А  Б  В  Г  Д  Е  Ж  З  И  Й  К  Л  М  Н  О  П  Р  С  Т  У  Ф  Х  Ц  Ч  Ш  Щ  Э  Ю  Я  A-Z

 

Поднявшись с места, Табуба приветствовала их с таким изяществом, что Шеритру охватила зависть. «Еще месяц назад я бы и внимания не обратила, – подумала она про себя, – а если бы и заметила, мне было бы все равно. Я бы просто в душе посмеялась над ней, а теперь я сама, ради Хармина, хочу овладеть этой естественной уверенностью и грацией». Шеритра неловко поднялась, чтобы подставить отцу щеку для поцелуя.
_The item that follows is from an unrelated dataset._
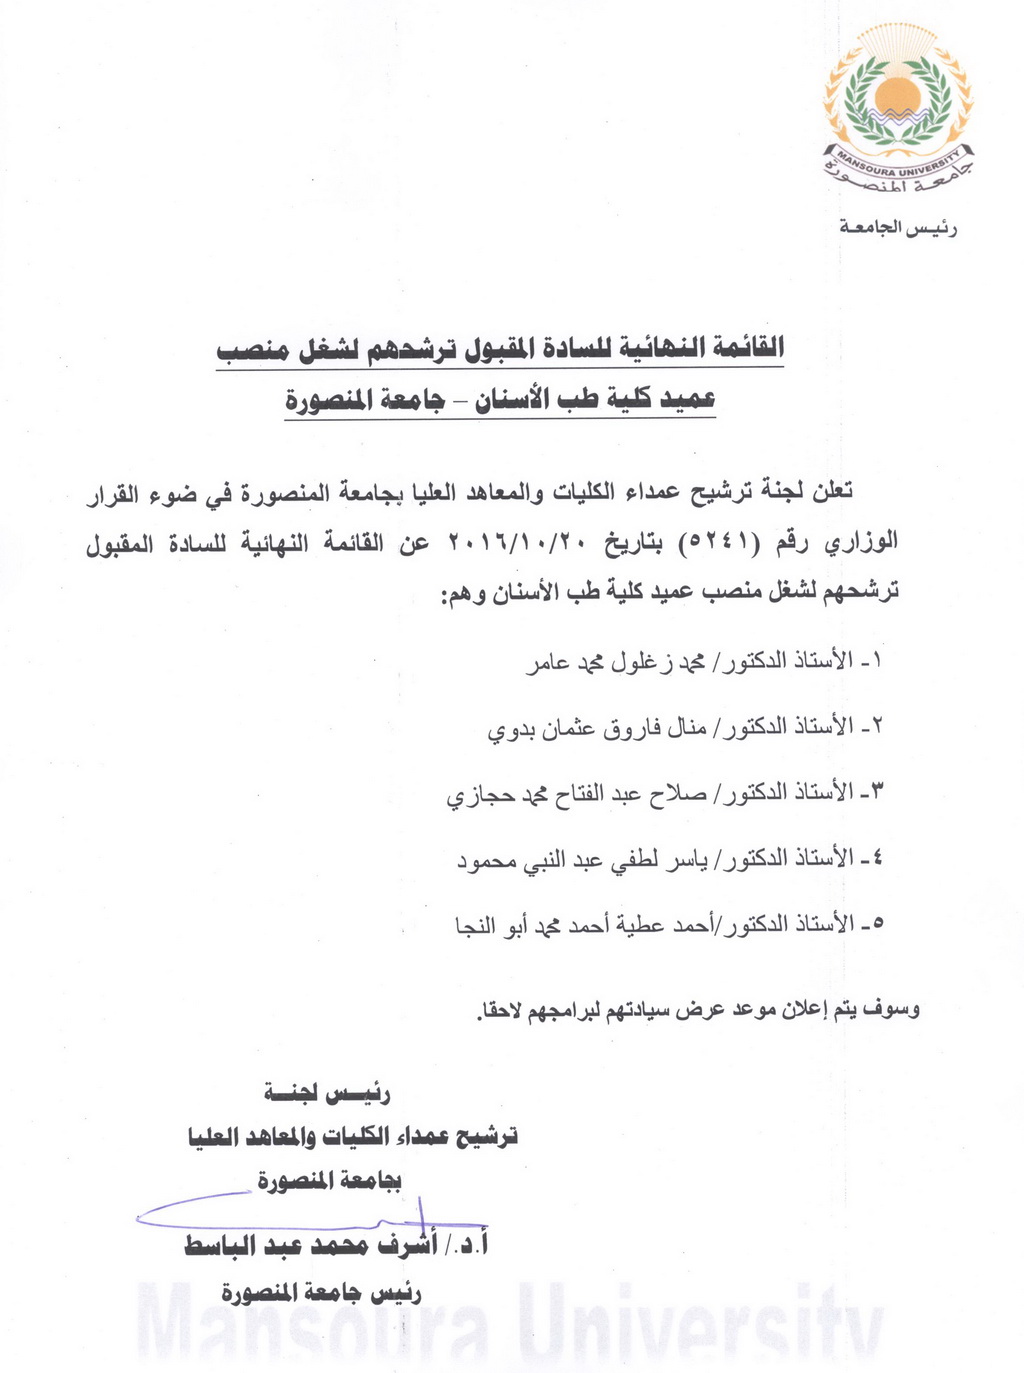 القائمة النهائية للسادة المقبول ترشيحهم لشغل منصب عميد كلية طب الأسنان - جامعة المنصورة

Гори улыбнулся сестре и тяжело опустился в кресло, услужливо поданное расторопными слугами.
– Итак, – начал Хаэмуас. Бегло, хотя и ласково, поприветствовав Нубнофрет, он теперь не спускал взгляда с Табубы. – Похоже, мы, мужчины, нарушили вашу идиллию. У вас такой довольный вид. Ну как, вы успели разрешить все неотложные государственные дела и определить судьбы Египта?
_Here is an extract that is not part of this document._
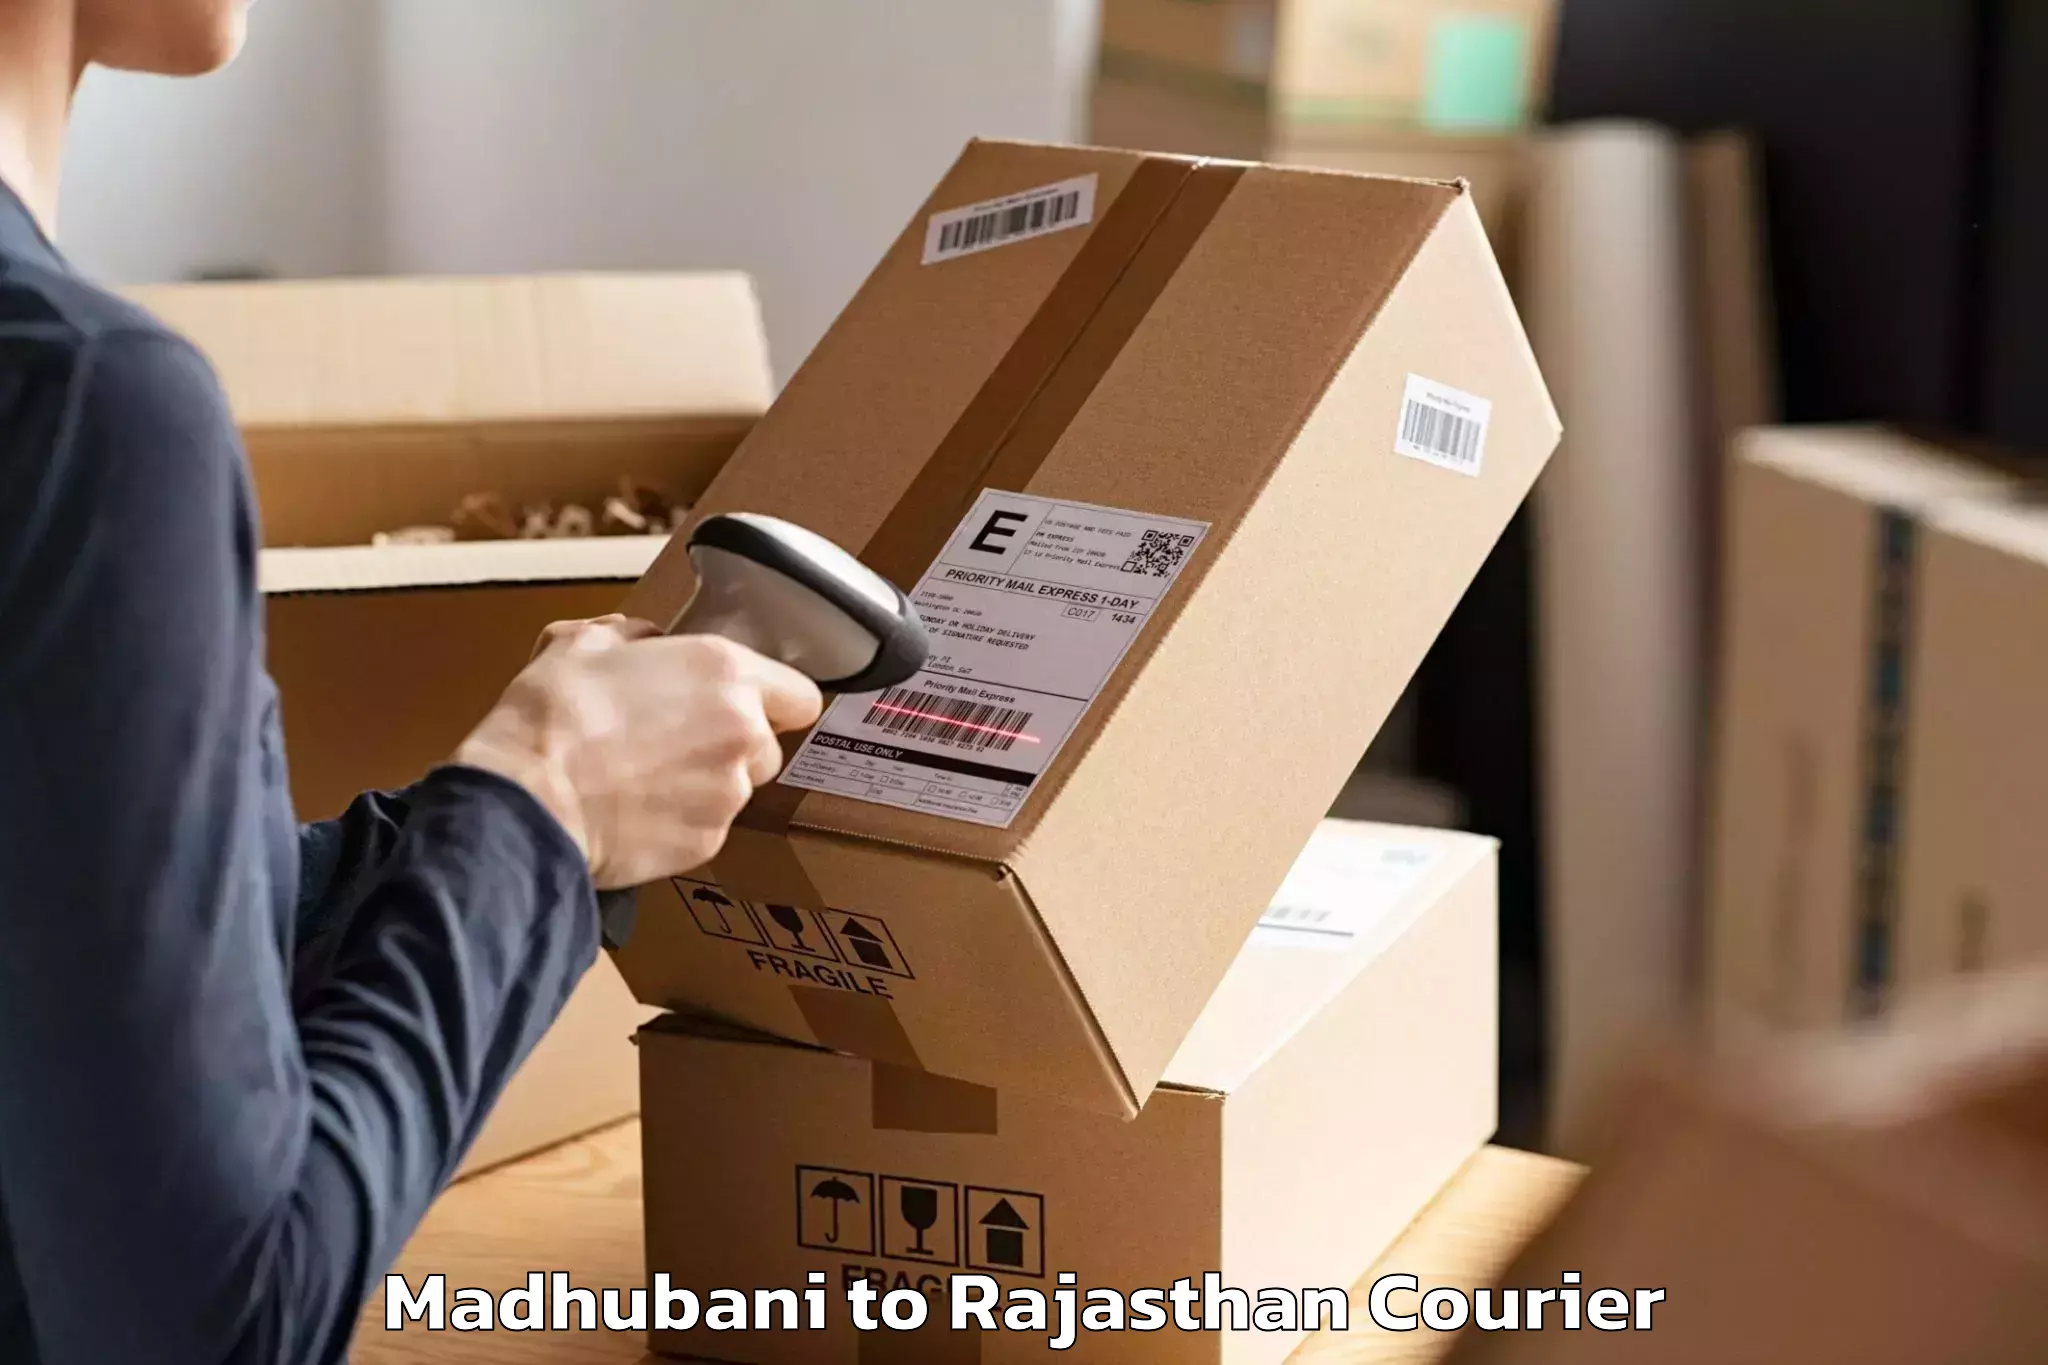 Furniture transport services Madhubani to Rajasthan

Шеритра подумала, что такой снисходительный тон отцу вовсе не свойствен. «Что-то его тревожит. А почему это Гори так мрачно уставился в землю? Ну нет, никому не позволю испортить мне настроение в такой замечательный день». Нубнофрет рассказывала мужу о приглашении Табубы, и девушка прислушивалась, как они обсуждают между собой ее решение. Отец не имел серьезных возражений. Шеритре показалось, что, несмотря на высказанные им кое-какие замечания и требования, в общем и целом он точно так же, как и мать, рад этому неожиданному повороту событий. Удивленная и несколько уязвленная, она старалась поймать его взгляд, чтобы прочесть в нем поддержку и одобрение, но ее усилия не принесли результата. Табуба ждала, прищурив от солнца глаза и медленно переводя взгляд с одного на другого. Она не делала попыток вмешаться в их разговор, и Шеритре казалось, что в ее молчании и отстраненности есть какое-то самодовольство. Наконец отец повернулся к ней.
– Я буду скучать без тебя, Солнышко, – весело начал он. – Но мы с мамой, разумеется, будем часто навещать тебя, пока ты не захочешь вернуться домой.
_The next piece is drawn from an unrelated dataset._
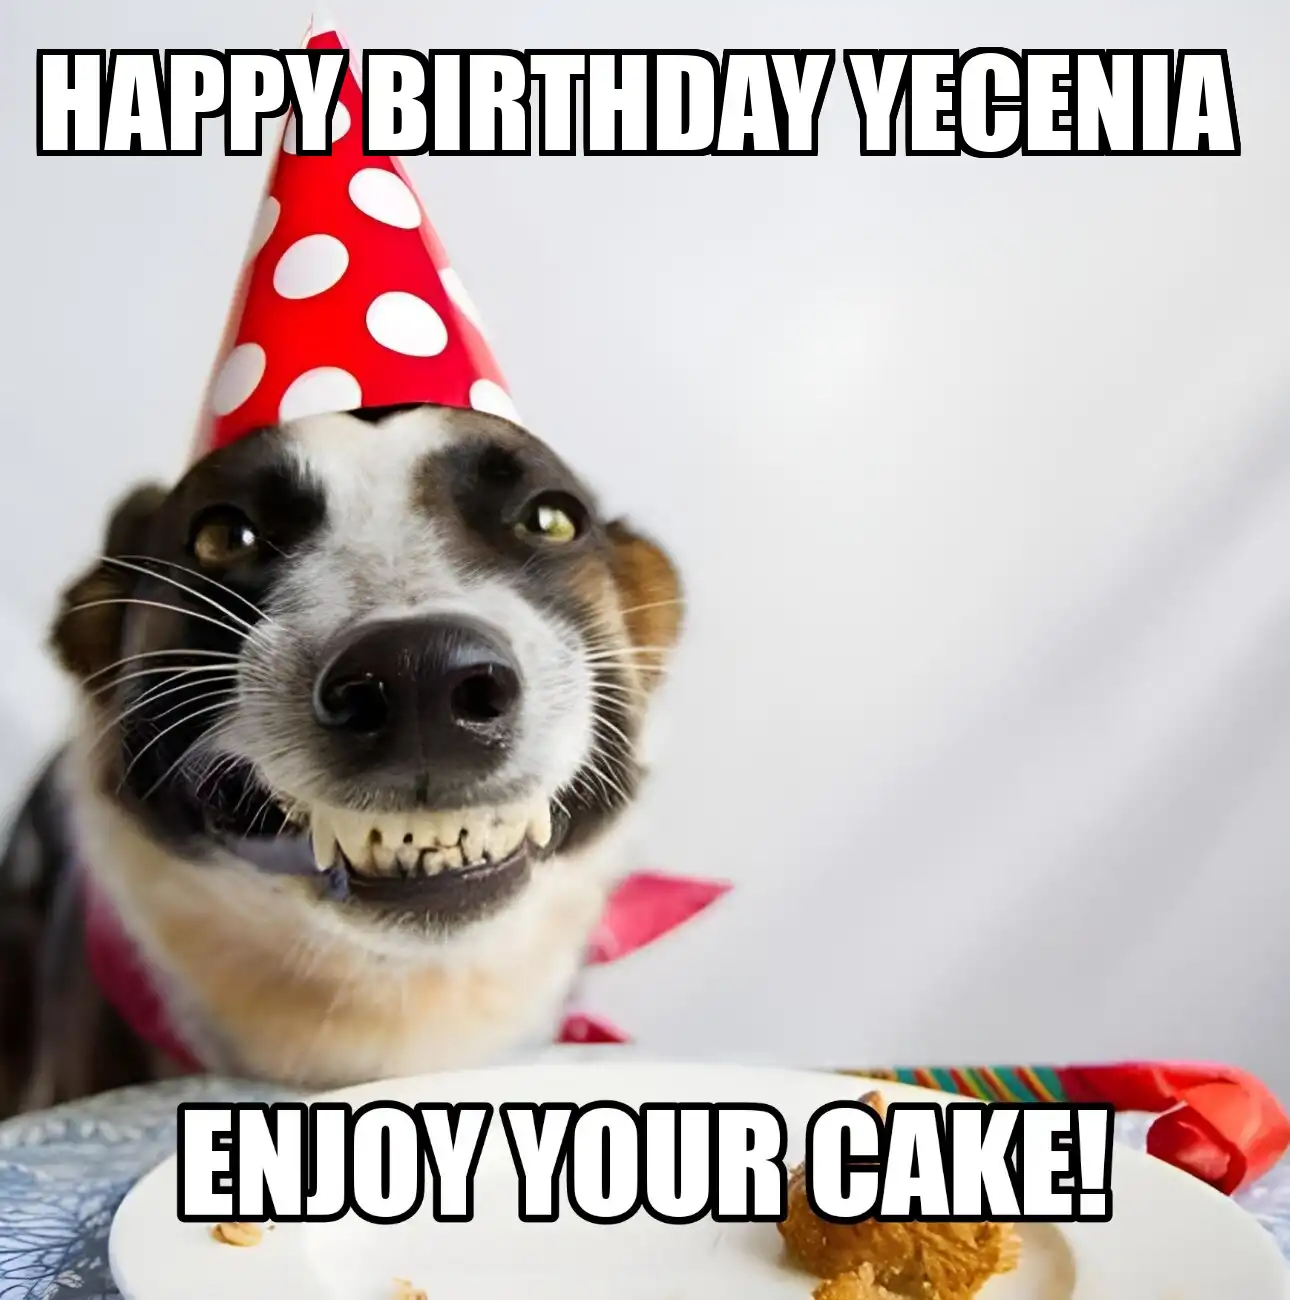 Happy Birthday Yecenia Enjoy Your Cake Dog Meme

«Мама не будет, – мятежно подумала Шеритра, – а что до тебя, милый отец…» Внезапно ее осенила дикая мысль, и Шеритра судорожно вздохнула. Неужели такое возможно? Хаэмуас не проявлял никаких признаков радости или воодушевления. Шеритра незаметно переключила внимание на Табубу. Женщина улыбалась каким-то своим мыслям и водила рукой по траве. Шеритра стала всматриваться в ярко блестевшие глаза отца, приглядывалась к его резким движениям. Сердце у нее упало. «Значит, вот в чем дело. Если я буду гостить у Табубы, это даст отцу возможность приезжать туда в любое время, когда только ему захочется. А мне почему-то кажется, что такое желание у него будет возникать весьма и весьма часто».
Шеритра не понимала, почему ее охватила тревога, едва только она поняла, что Хаэмуас питает интерес к другой женщине. Возможно, такие перемены пойдут ему на пользу, помогут вернуть уходящую молодость. И все же, припомнив тот странный, вызвавший их обоюдное смущение недавний разговор, она поняла, что все не так просто. Сама она искренне восхищалась Табубой, но ведь она не мужчина. А для мужчин Табуба опасна, инстинктивно чувствовала Шеритра.
Девушка тайно, из-под опущенных ресниц, разглядывала брата. Гори сидел, склонив темную голову, уставившись в одну точку на своем больном колене. «О, Хатхор, только не это! – думала Шеритра, охваченная ужасом. – Только не это, почему они оба? А Табуба знает?»
Табуба и Хаэмуас говорили о свитке.
– Я принял решение дать Сисенету возможность взглянуть на свиток, – неохотно проговорил Хаэмуас. – Только ему придется сделать это здесь. Я несу ответственность за сохранность свитка как перед богами, так и перед бессмертной ка того, кто раньше был его владельцем. Но теперь, Табуба, я дошел до той степени непонимания, на которой я с радостью готов принять любую помощь.
Табуба немедленно стала что-то ему объяснять, а Шеритра взглянула на мать.
Нубнофрет не принимала участия в беседе. Она легла на бок, прикрыла глаза. В ее позе ощущалась скрытая напряженность, и Шеритра вдруг подумала, что этот день заканчивается для матери не так радужно и беспечно, как начинался.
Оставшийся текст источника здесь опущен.